--- RECORDED INFORMATION Enclosed Below ---

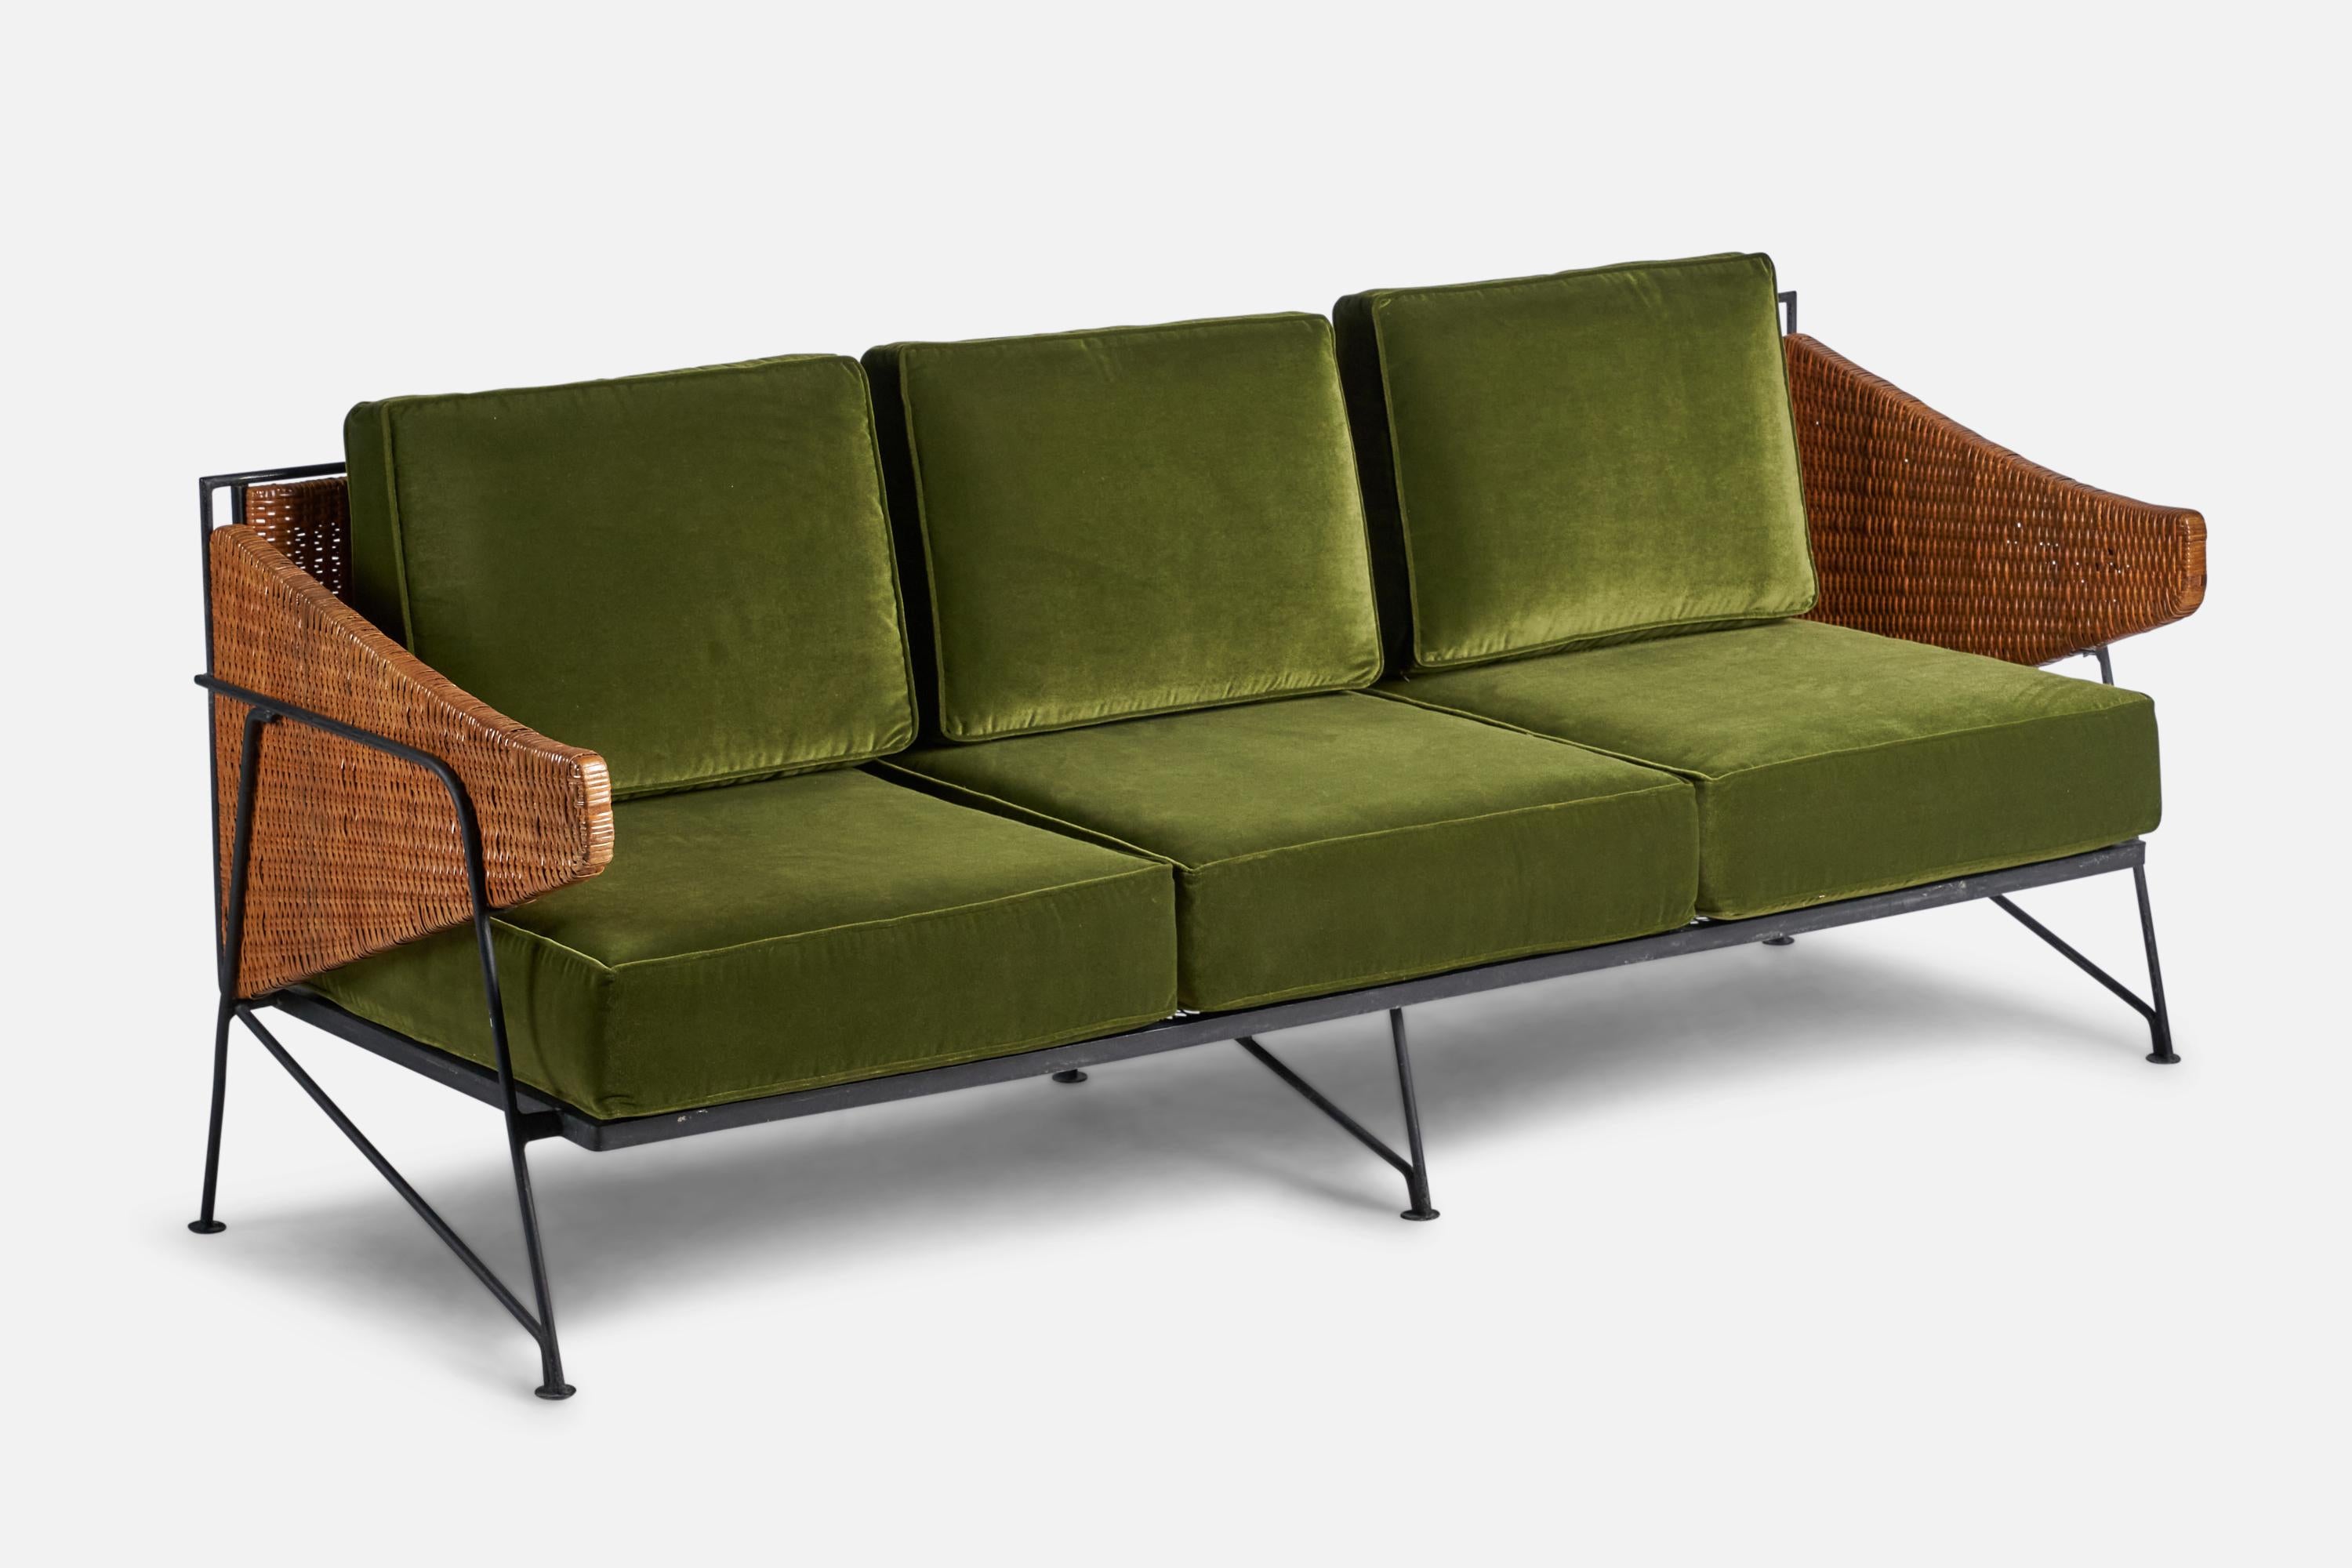 Ein Sofa aus schwarz lackiertem Eisen, Rattan und grünem Samt, entworfen und hergestellt in den USA, 1950. 

16,5
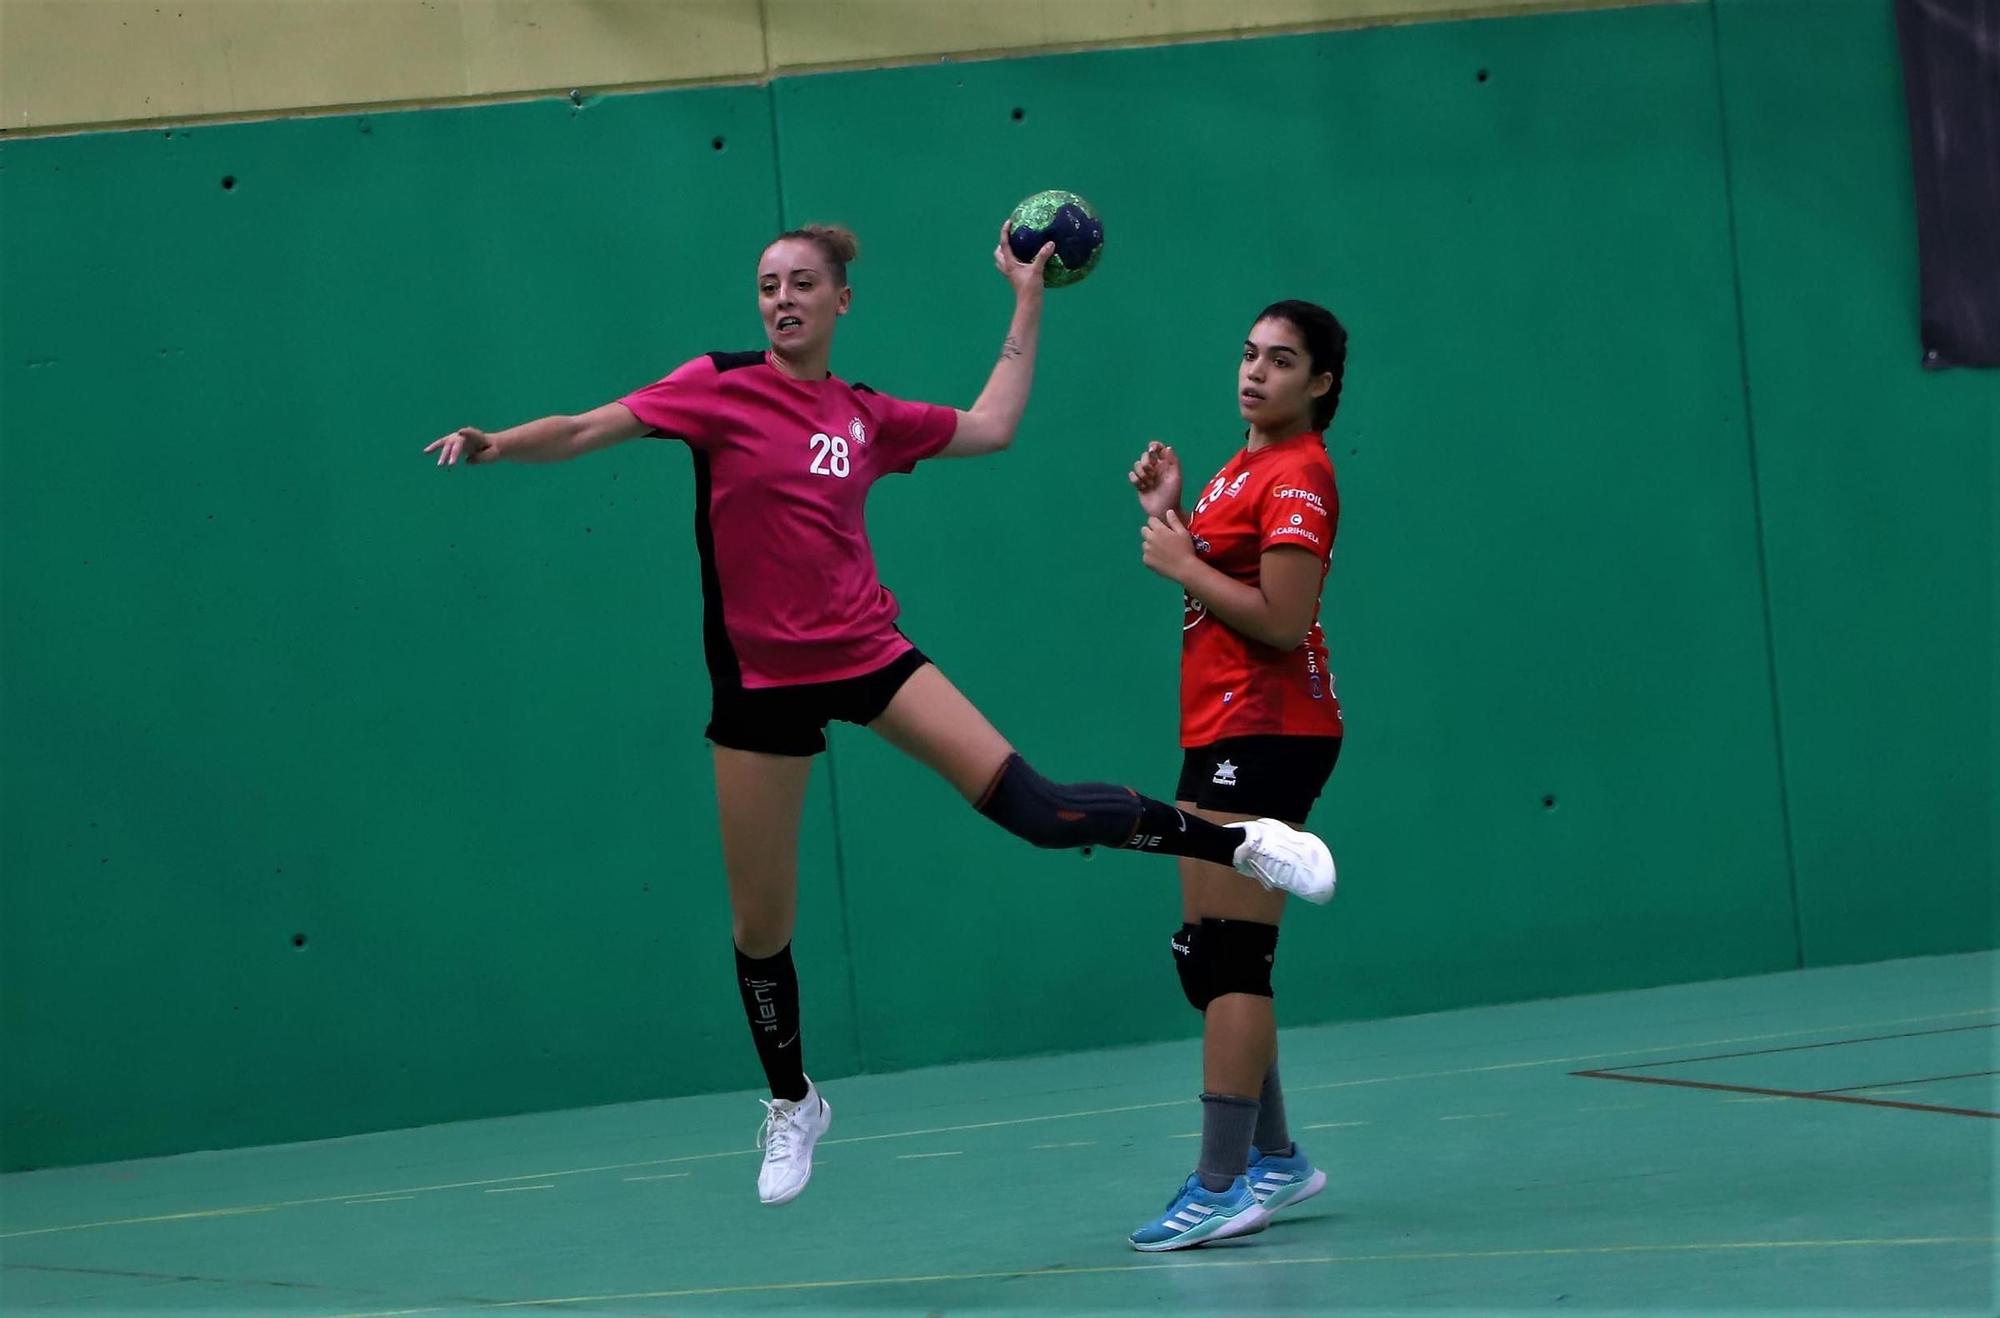 El Adesal - Deza Córdoba de balonmano femenino, en imágenes
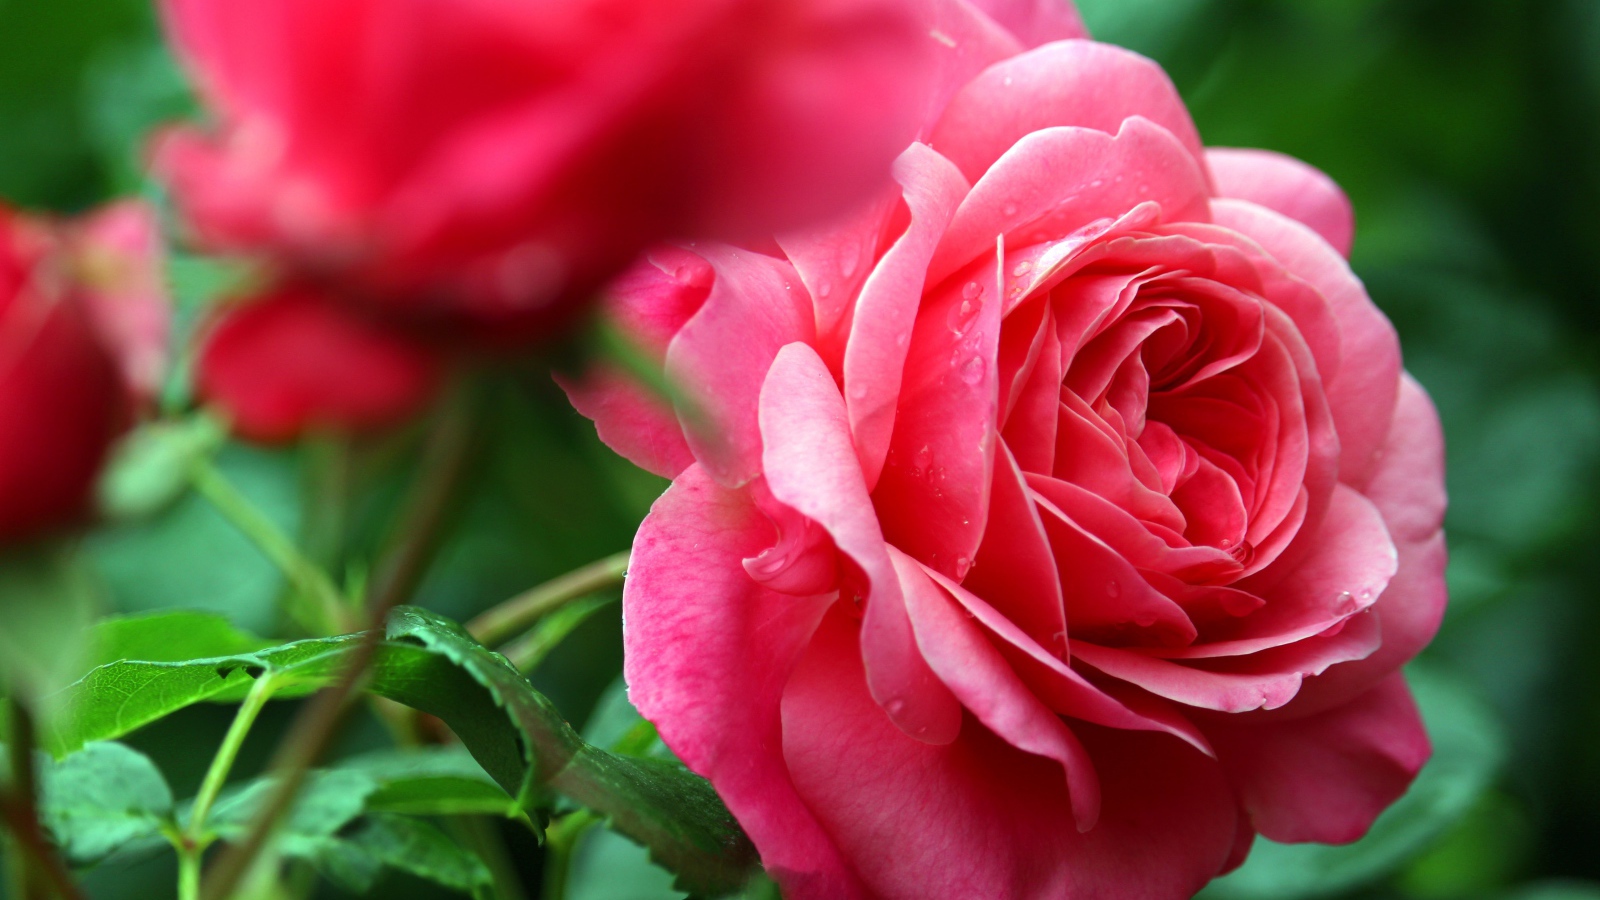 Розовые розы с каплями росы крупным планом

--- End of Enclosed RECORDED INFORMATION ---

THE TASK →
All lines from the one that contains "El Adesal - Deza" through the last line of the data should be retyped exactly, with the pictures left out.

ANSWER BOX →
 El Adesal - Deza Córdoba de balonmano femenino, en imágenes
 Розовые розы с каплями росы крупным планом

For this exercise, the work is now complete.